I'm encountering a very strange issue in a python script I've written. This is the piece of code that is producing abnormal results:
EDIT: I've included the entire loop in the code segment now.
data = open(datafile,'r')
outERROR = open(outERRORfile,'w')
precision=[0]
scale=[0]
lines = data.readlines()
limit = 0
if filetype == 'd':
for line in lines:
limit += 1
if limit > checklimit:
break
columns = line.split(fieldDelimiter)
for i in range(len(columns) - len(precision)):
precision.append(0)
for i in range(len(columns) - len(scale)):
scale.append(0)
if len(datatype) != len(precision):
sys.exit() #Exits the script if the number of data types (fields found in the DDL file) doesn't match the number of columns found in the data file
i = -1
for eachcolumn in columns:
i += 1
if len(rstrip(columns[i])) > precision[i]:
precision[i] = len(rstrip(columns[i]))
if columns[i].find('.') != -1 and (len(rstrip(columns[i])) - rstrip(columns[i]).find('.')) > scale[i]:
scale[i] = len(rstrip(columns[i])) - rstrip(columns[i]).find('.') -1
if datatype[i][0:7] == 'integer':
if int(columns[i]) < -2147483648 or int(columns[i]) > 2147483647:
outERROR.write("Integer value too high or too low to fit inside Integer data type, column: " + str(i + 1) + ", value: " + columns[i] + "\n")
if datatype[i][0:9] == 'smallint':
if int(columns[i]) < -32768 or int(columns[i]) > 32767:
outERROR.write("Smallint value too high or too low to fit inside Smallint data type, column: " + str(i + 1) + ", value: " + columns[i] + "\n")
if datatype[i][0:7] == 'byteint':
if int(columns[i]) < -128 or int(columns[i]) > 127:
outERROR.write("Byteint value too high or too low to fit inside Byteint data type, column: " + str(i + 1) + ", value: " + columns[i] + "\n")
if datatype[i][0:4] == 'date':
if DateParse(columns[i],format1[i]) > -1:
pass
elif DateParse(columns[i],format2[i]) > -1:
pass
elif DateParse(columns[i],format3[i]) > -1:
pass
else:
outERROR.write('Date format error, column: ' + str(i + 1) + ', value: ' + columns[i])
if datatype[i][0:9] == 'timestamp':
if DateParse(columns[i],timestamp1[i]) > -1:
pass
elif DateParse(columns[i],timestamp2[i]) > -1:
pass
elif DateParse(columns[i],timestamp3[i]) > -1:
pass
else:
outERROR.write('Timestamp format error, column: ' + str(i + 1) + ', value: ' + columns[i] + '\n')
if (datatype[i][0:7] == 'decimal'
or datatype[i][0:7] == 'integer'
or datatype[i][0:7] == 'byteint'
or datatype[i][0:5] == 'float'
or datatype[i][0:8] == 'smallint'):
try:
y = float(columns[i])
except ValueError:
outERROR.write('Character found in numeric data type, column: ' + str(i + 1) + ', value: ' + columns[i] + "\n")
else:
pass
This is part of a loop that reads a data file, basically its checking the type of the data (to determine if its supposed to be a numeric type) and 'trying' to turn it into a float to see if its actually numeric data in the data file.
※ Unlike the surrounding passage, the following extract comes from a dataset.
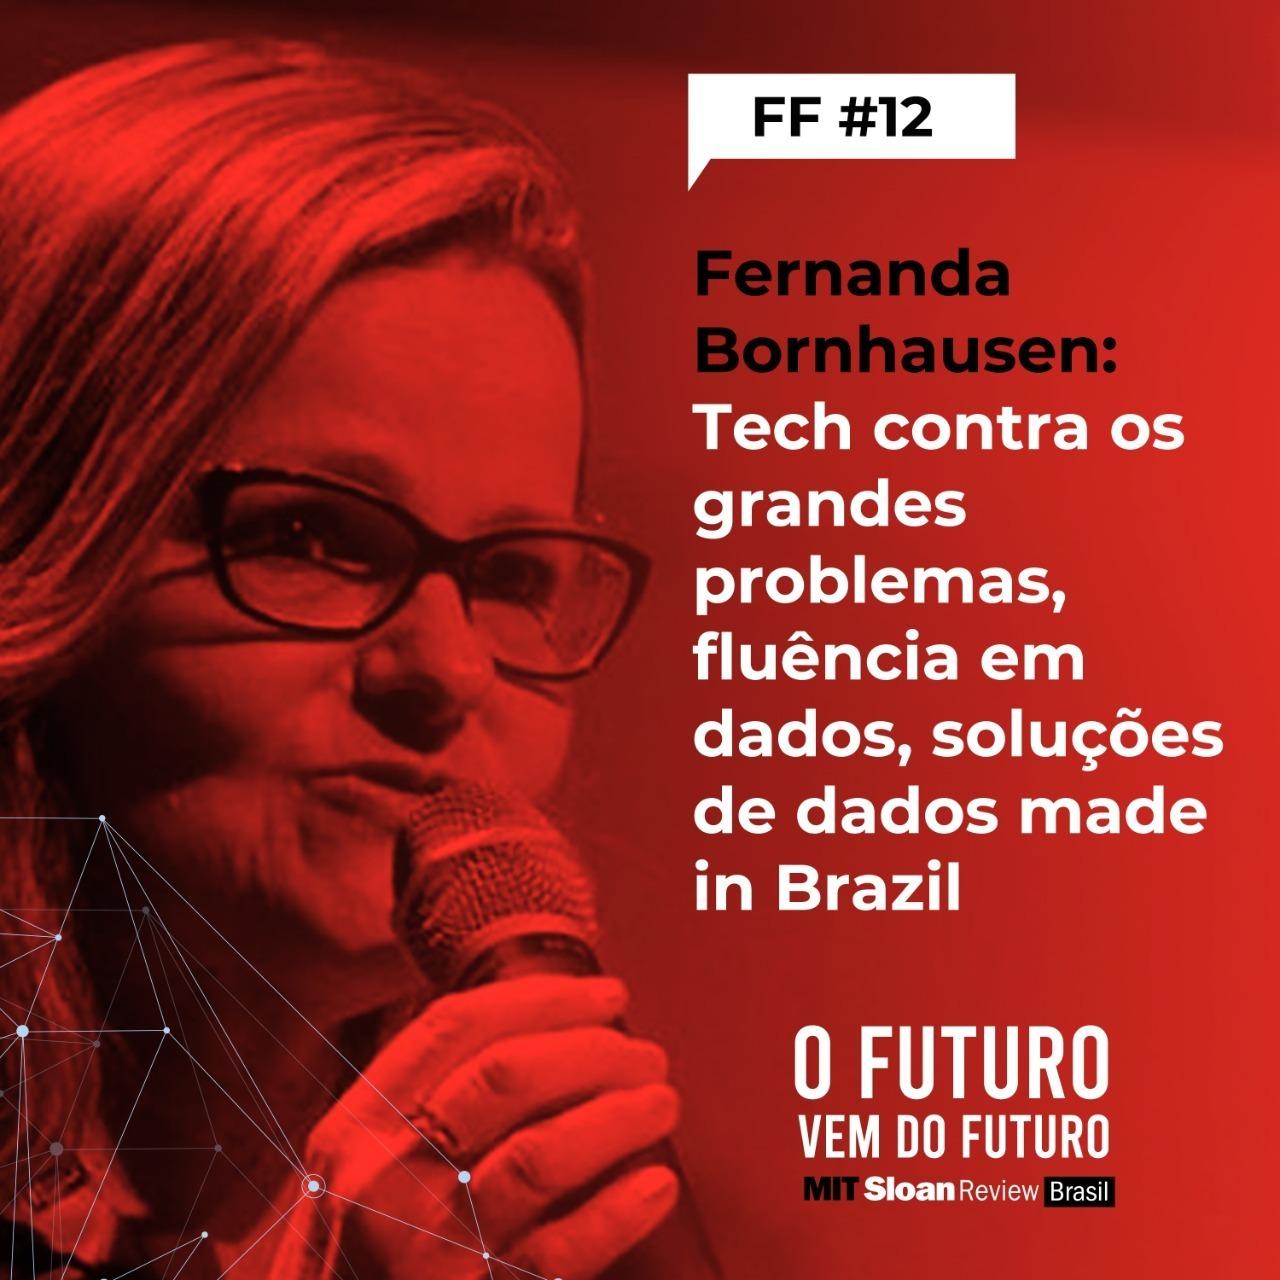 #12 - Fernanda Bornhausen: Tech contra os grandes problemas, fluência em dados, soluções de dados made in Brazil

If its not numeric data it outputs the error you see above to a text file (defined currently as outERROR). Now when I wrote this and tested it on a small data file (4 lines) it worked fine, but when I run this on a larger file (several thousand rows) my error file is suddenly filling with a bunch of blank spaces, and only a few of the error messages are being created.
Here is what the error file looks like when I run the script with 4 rows:
Character found in numeric data type, column: 6, value: 24710a35
Character found in numeric data type, column: 7, value: 0a04
Character found in numeric data type, column: 8, value: 0a02
Character found in numeric data type, column: 6, value: 56688a12
Character found in numeric data type, column: 7, value: 0a09
Character found in numeric data type, column: 8, value: 0a06
Character found in numeric data type, column: 6, value: 12301a04
Character found in numeric data type, column: 7, value: 0a10
Character found in numeric data type, column: 8, value: 0a02
Character found in numeric data type, column: 6, value: 25816a56
Character found in numeric data type, column: 7, value: 0a09
Character found in numeric data type, column: 8, value: 0a06
This is the expected output.
When I run it on larger files, I start to get blank spaces at the top of the error file, and only the last 40-50 or so error writes actually get output as text in the file. The larger the file, the more blank spaces it outputs. I'm completely lost on this, I've read some of the other questions regarding mysterious blank lines and spaces on stackoverflow.com here but they dont seem to address my issue.
EDIT: outERROR is the name I've given to the error file that the output is writing to. It is a simple .txt file.
This is a sample of the data file:
257|1463|64|1|7|9551a22|0a05|0a02|N|O|1998-06-18|1998-05-15|1998-06-27|COLLECT COD|FOB|ackages sleep bold realmsa f|
258|1062|68|1|8|7704a48|0a00|0a07|R|F|1994-01-20|1994-03-21|1994-02-09|NONE|REG AIR|ully about the fluffily silent dependencies|
258|1962|95|2|40|74558a40|0a10|0a01|A|F|1994-03-13|1994-02-23|1994-04-05|DELIVER IN PERSON|FOB|silent frets nod daringly busy, bold|
258|1618|19|3|45|68382a45|0a07|0a07|R|F|1994-03-04|1994-02-13|1994-03-30|DELIVER IN PERSON|TRUCK|regular excuses-- fluffily ruthl|
Specifically the columns that are causing output to the error file are:
|9551a22|0a05|0a02|
|7704a48|0a00|0a07|
|74558a40|0a10|0a01|
|68382a45|0a07|0a07|
So each line should cause 3 writes to the error file, specifying these values. It works fine for a small number of lines, but when it reads a large number of lines I start getting these mysterious blank spaces. This problem occurs only when I have numeric fields that contain characters.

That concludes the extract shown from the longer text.